A New Binge is going to be off-putting to a lot of viewers right from the start with its organized, talkative Crites, and those who can go along with it will face another challenge when they realize where the story is going. Its destination becomes obvious in an early episode, even though I was really hoping it wouldn't go there. This is not something I would have ever guessed would be added into Critters lore, and isn't something I wanted to see. But this web series felt the need to show it to me.

The Critters movies always had a goofy sense of humor, and the humorous element is enhanced in a major way in this revival. This is the most irreverent and silly installment yet, purely a cartoonish comedy. It's hard to reconcile the events of this story with the Crite stories we've seen before, but those events do fit within the unique tone that this one has. This is the type of show that will toss a random parody of The Matrix into the middle of an action scene, twenty years too late, or put a type of Crite we've never seen before into the climactic sequence just for one dopey sight gag. To enjoy A New Binge, fans will have to meet it on its own terms.

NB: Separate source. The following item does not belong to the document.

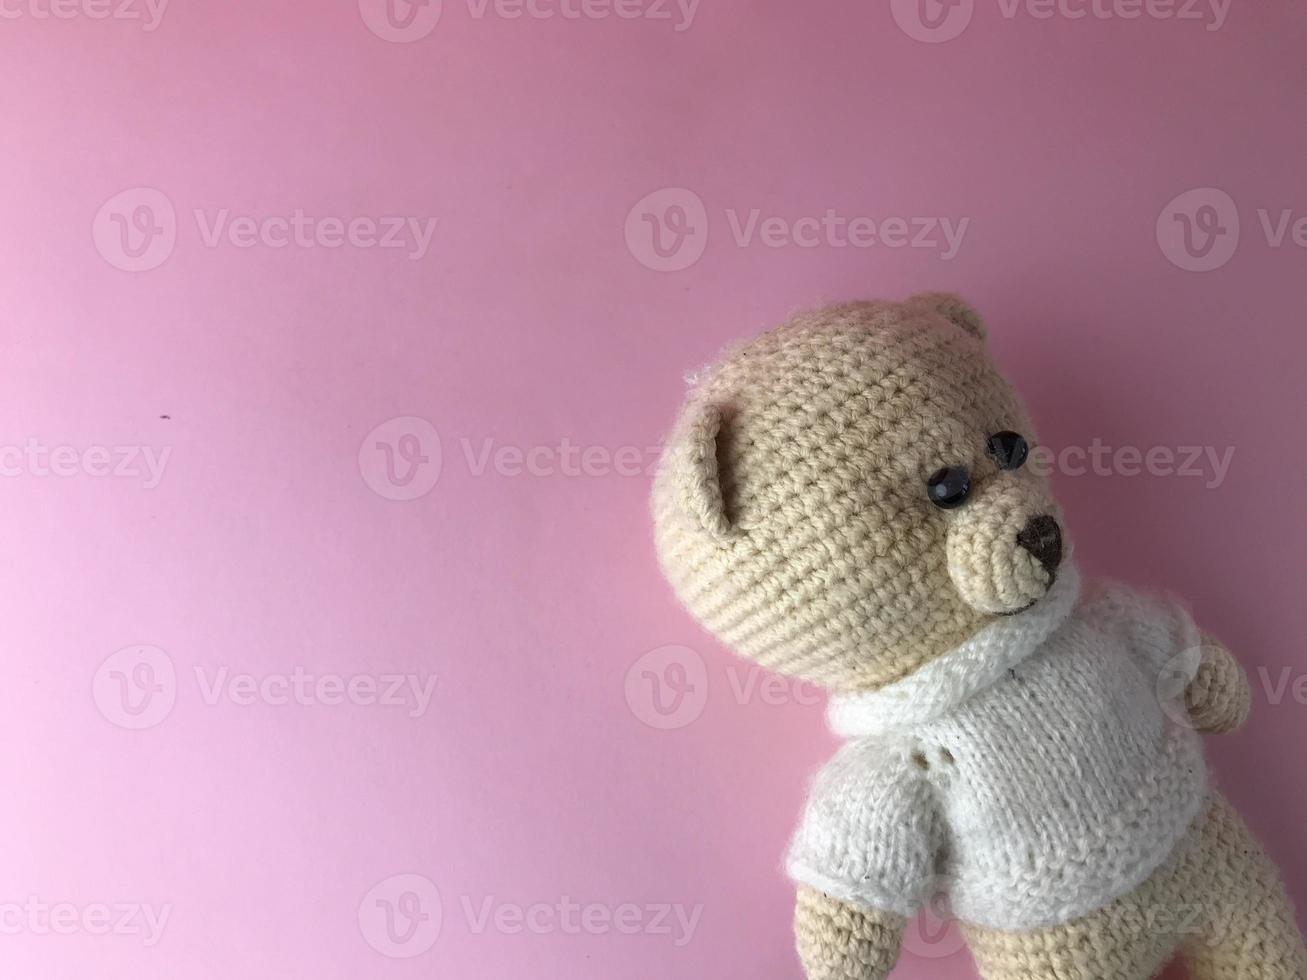 jouet intérieur - un ours tricoté doux sur fond rose dans le coin de l'arrière-plan. ours en matières naturelles, crocheté de fils. cadeau mignon photo

Although the show relies on viewers having a familiarity with Crites, it's not out to give them something like what they've seen before. This is the concept with a large amount of extra absurdity added to it.


I had a bit of trouble handling this level of absurdity. I was amused by some of it, while also cringing and shaking my head at some of it, wishing throughout that Rubin hadn't taken this approach to the material. There is some fun to be had with A New Binge, though, and I was especially happy to see Gilbert Gottfried and Thomas Lennon (who recently fought a different type of tiny terror in Puppet Master: The Littlest Reich) in the cast. Critters: A New Binge may not have been the franchise revival I wanted it to be, but I am grateful that it gave me the chance to see Gottfried (as Christopher's Viagra-obsessed uncle) and Lennon (as a high school principal) share the screen with Crites.


And even though A New Binge takes the franchise in a direction I didn't want it to go in, it still comes off as a very innocuous piece of entertainment. It's tough to take it seriously in any way; it's not likely there's going to be a follow-up that will continue delving into the story Rubin and Kaplan introduced here. In fact, Syfy has already produced their own Critters movie that will surely be as separate from A New Binge as A New Binge is from Critters 3 and 4. If this were the only new entry in the franchise we were getting, if there wasn't something different following close on its heels and I thought the series might continue down this path, I would not be happy. But that's not the scenario we're in, so this is just a goofy little side story that's good for some laughs.

A New Binge was produced for Verizon's now defunct mobile video service go90, so it's a low budget production that was intended to be watched on smart phones. The eight episodes are quite short, and if you chopped the intro and credits off most of the episodes you'd end up with a feature film that would probably run just under 70 minutes. So it doesn't demand much of your time. If you're a fan of the Crites, it's worth watching, and there will be fans who will love what Rubin did here.

The web series is available for viewing on the Shudder streaming service, and I'm glad they decided to give A New Binge a new home after go90 shut down.

And yes, rest assured that a Crite who had previously visited Earth in the '80s does have the opportunity to catch up with the modern world by checking out some internet porn.